What was Turner saying in 'The Fighting Temeraire'? Was he harking back to a pre-industrial age? Or was he, at 64, rounding the last bend of the river? By Andrew Graham-Dixon

 JMW Turner officially titled his most celebrated work The Fighting Temeraire but in private he called it by another name: "My Darling." A new exhibition at the National Gallery investigates the subtle bonds of love between painter and painting. It also suggests that, like many of the great monuments of art, The Fighting Temeraire was most clumsily manhandled by the people who set it on its pedestal in the first place.

 The painting shows a superannuated English warship from Nelson's Trafalgar fleet, making her last journey down the Thames, pulled by a black tug through waters the colour of gold and precious stones, lit by the flare of an autumn sunset. It is a beautiful but complicated object. Painted more than 20 years after the end of the Napoleonic Wars, it is Turner's melancholy tribute to a glorious moment in the nation's past: Rule Britannia sung in a minor key. But it is also more than that. It is a work of disguised autobiography: a painting that reconciles some of the selves Turner still felt striving within him, even in the last and most radiant phase of his creative life.

 Two big mistakes have been made about the nature of the painting. The first concerns its origins.
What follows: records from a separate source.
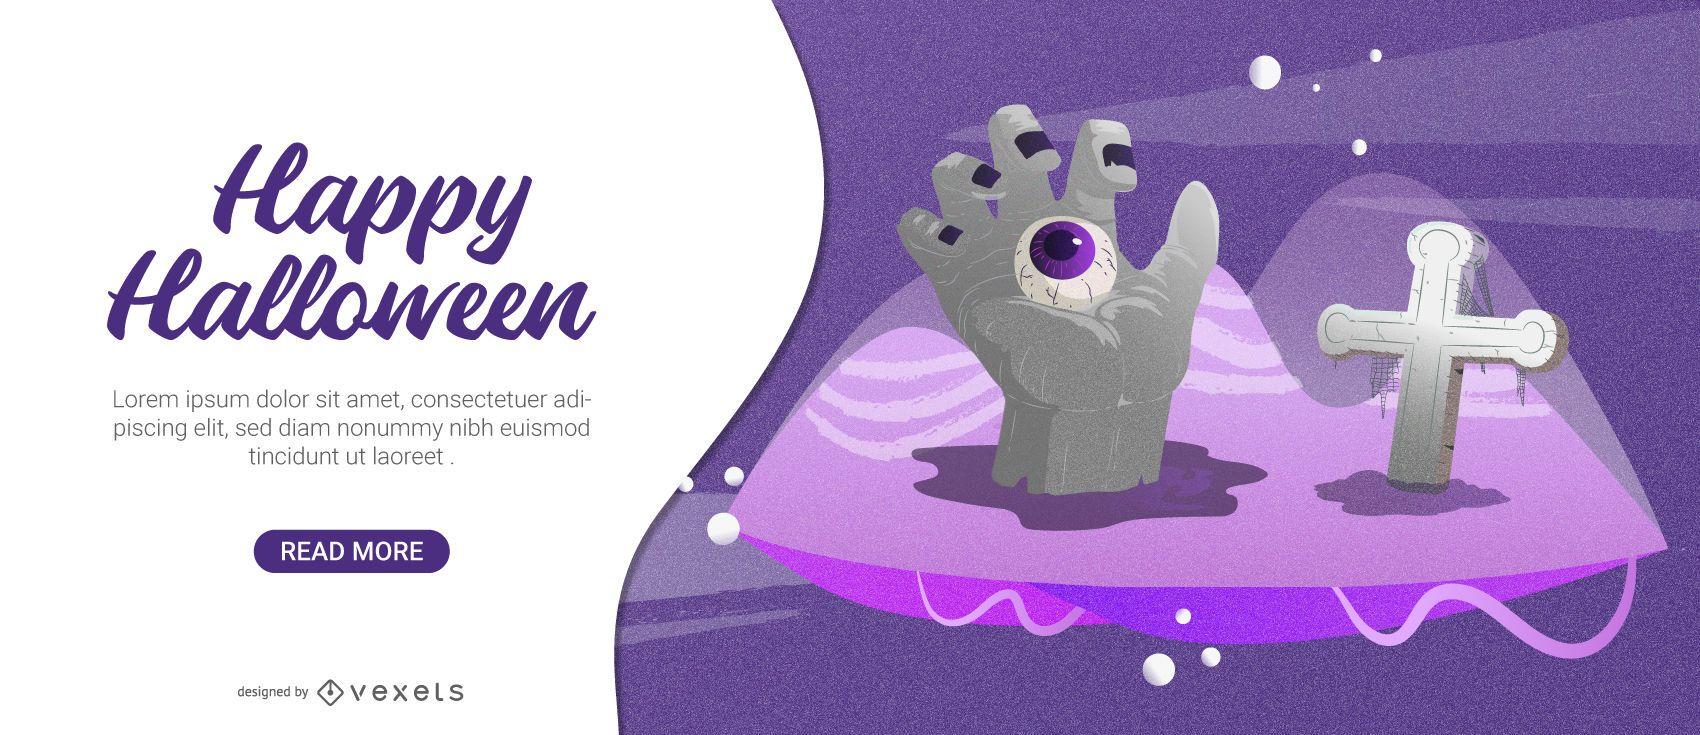 Spooky Halloween card design
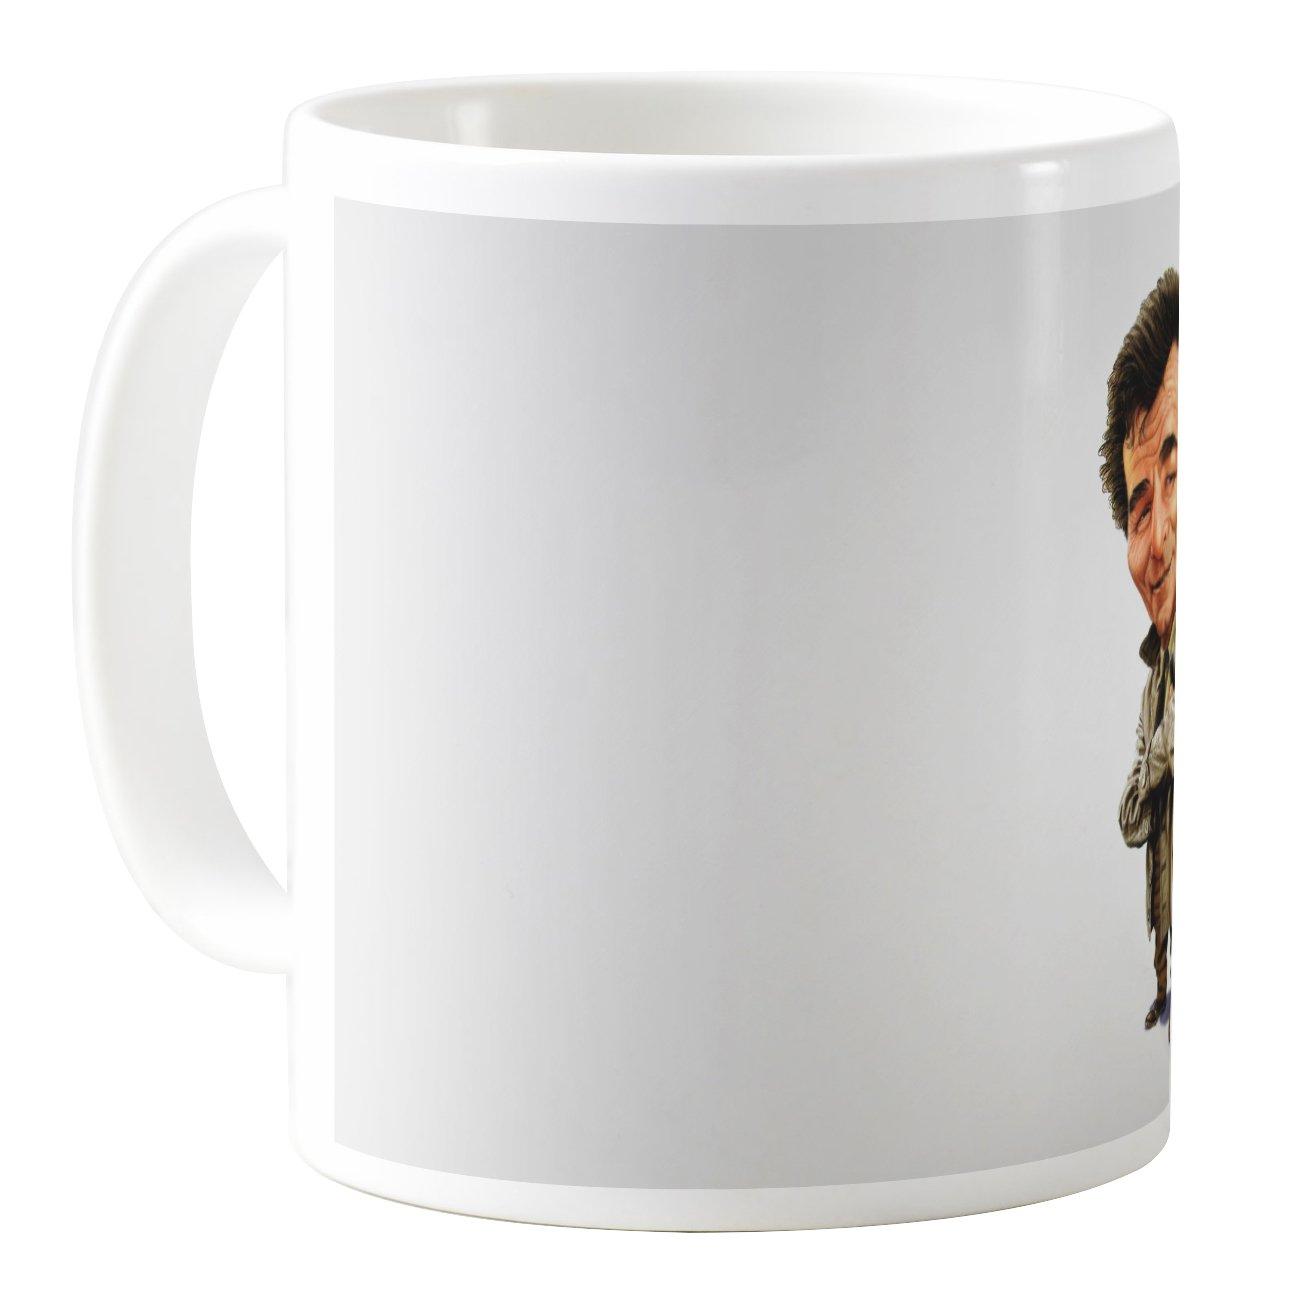 aquacafemug – cmstl-a12808 – 11オンスセラミックコーヒーマグティーカップ B074L6BLLZ
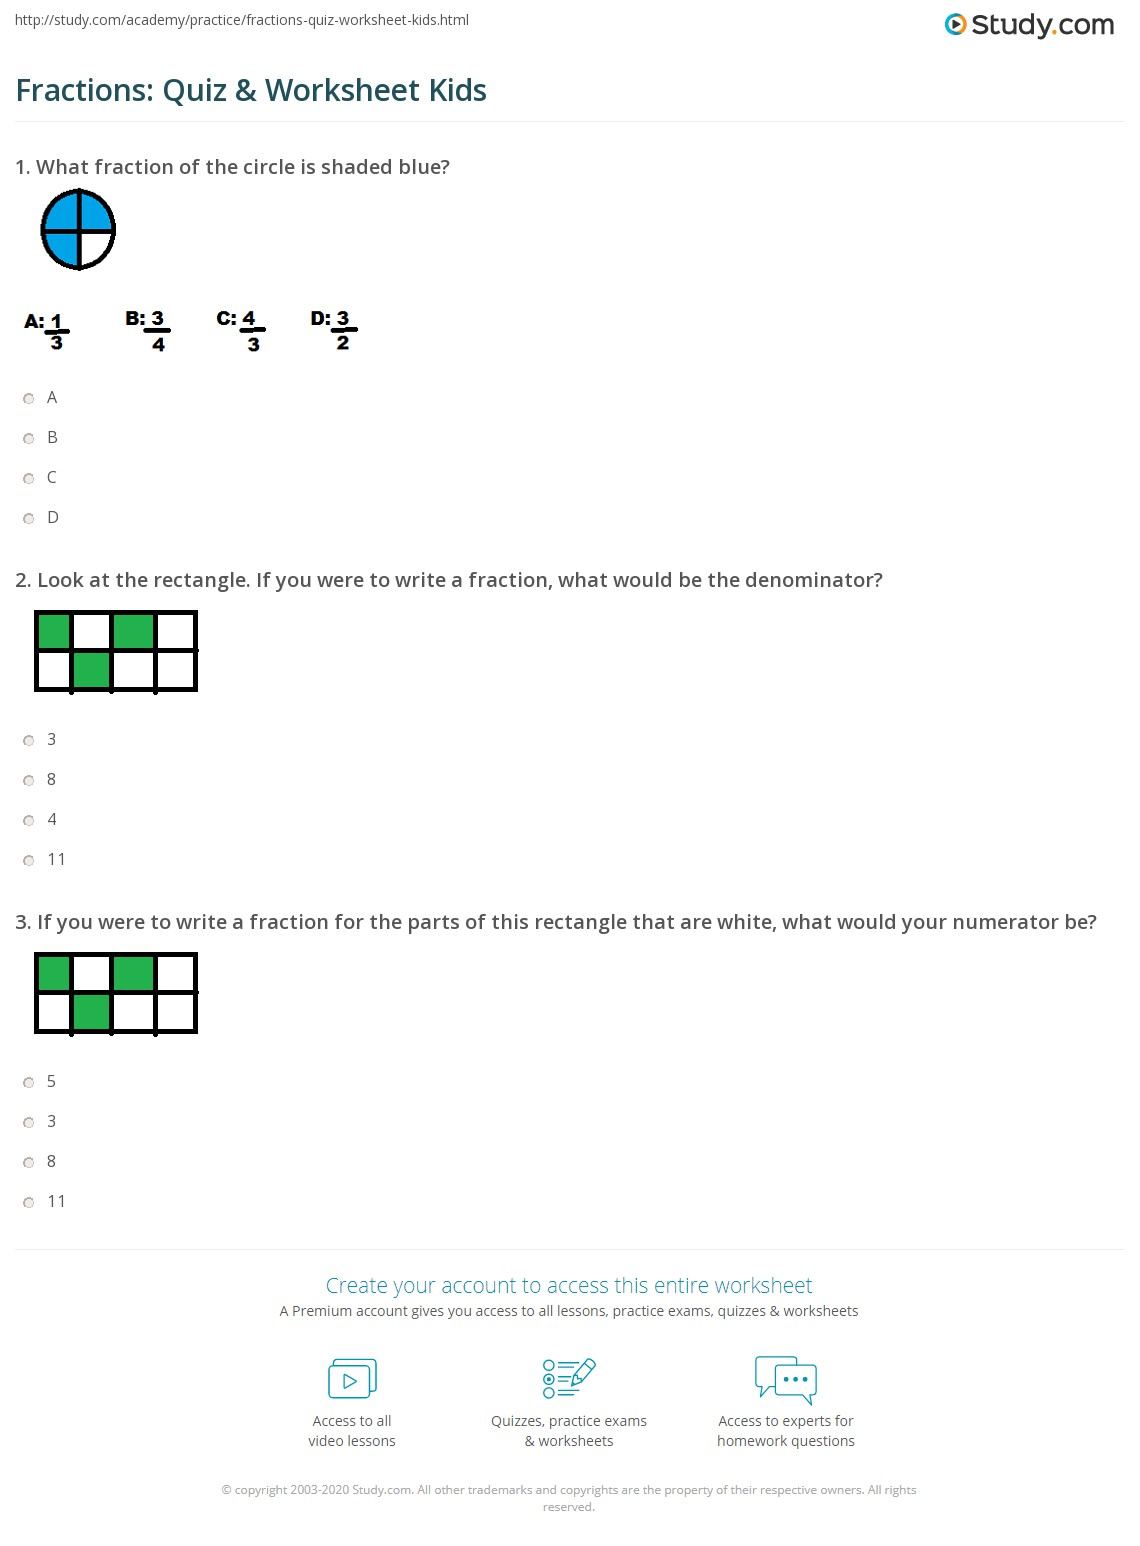 hight resolution of Fractions: Quiz \u0026 Worksheet Kids   Study.com
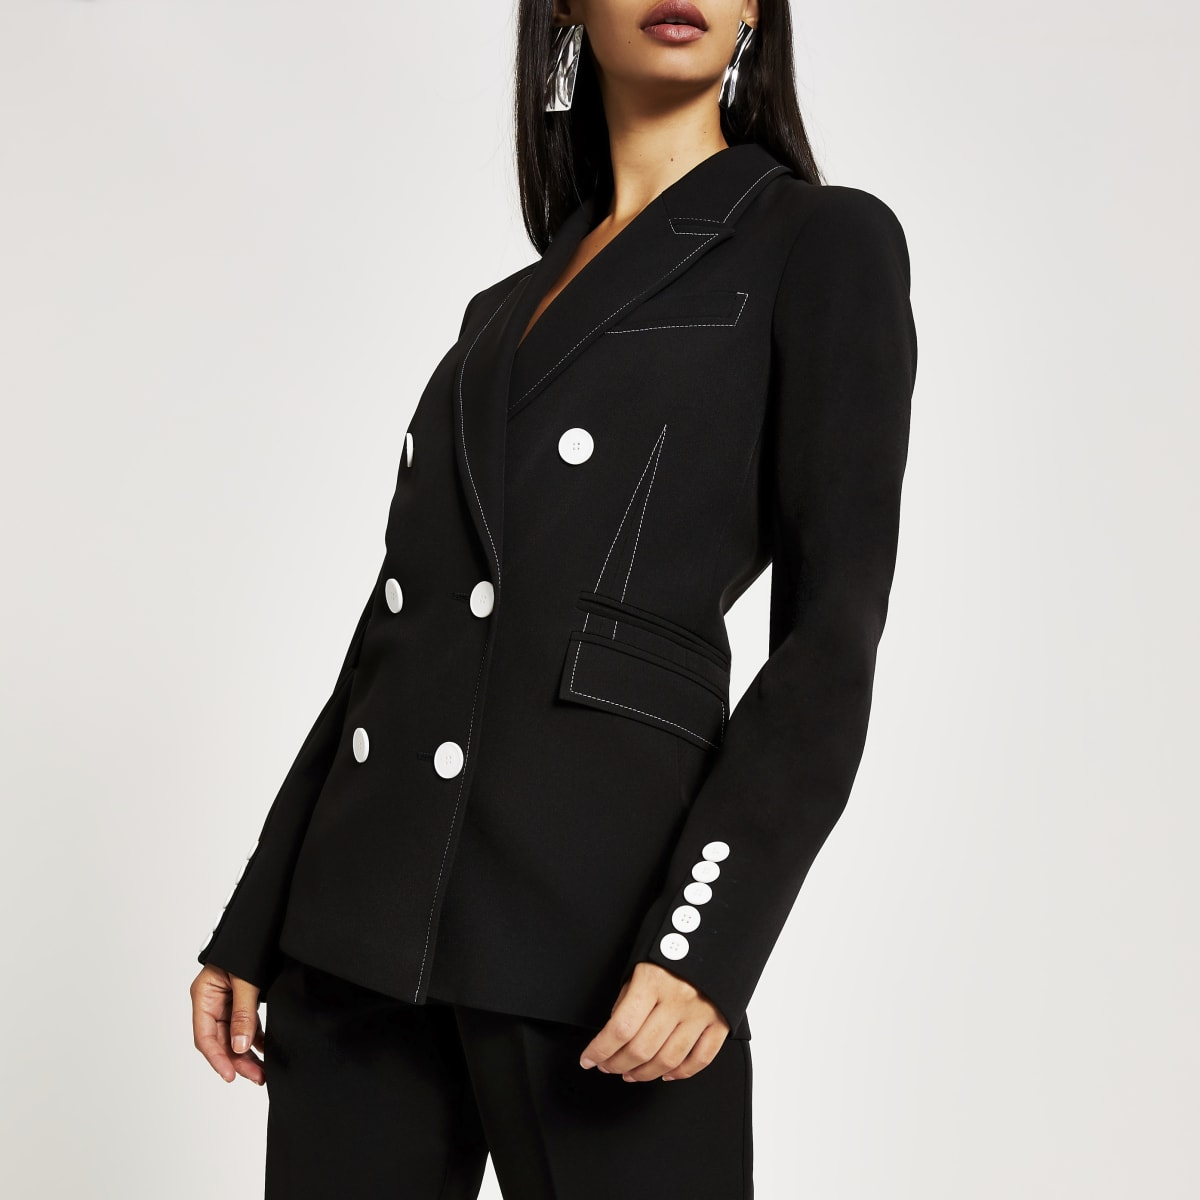 Zwarte double-breasted blazer met contrasterend stiksel
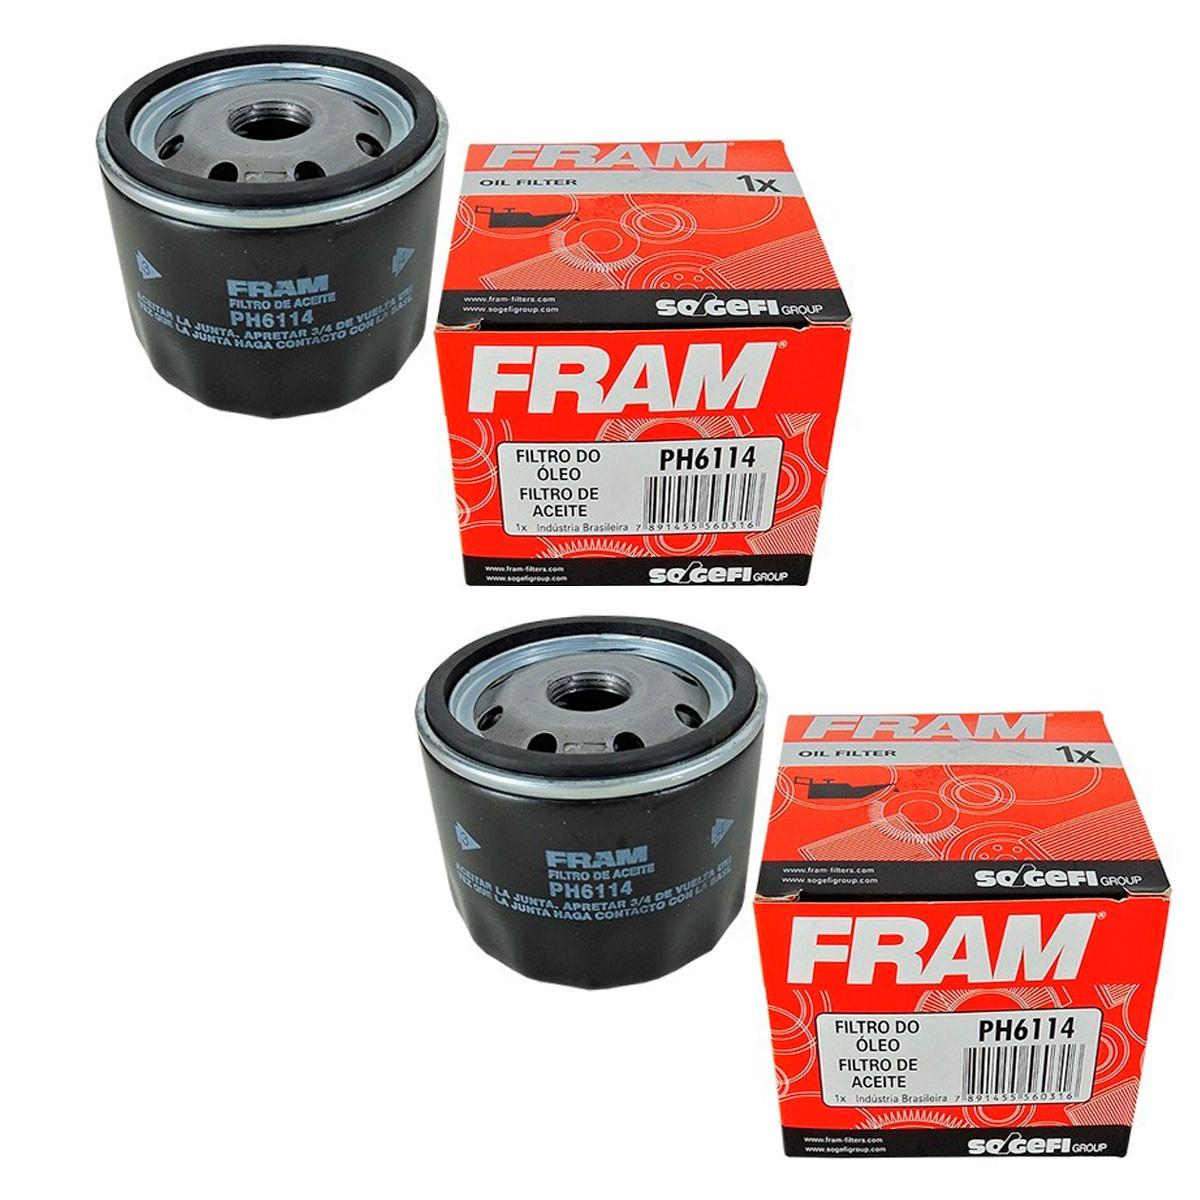 2 Filtros Oleo Fram Ph6114 Moto Bmw F800gs 800r S1000rr K1300

The starting point for the picture has always seemed somewhat uncertain, partly because Walter Thornbury, Turner's first and most eccentrically inventive biographer, was himself so definite on the subject: "In 1838 Turner was with Clarkson Stanfield and a party of brother artists on one of those holiday excursions in which he is so delighted.  Suddenly there moved down upon the artists' boat...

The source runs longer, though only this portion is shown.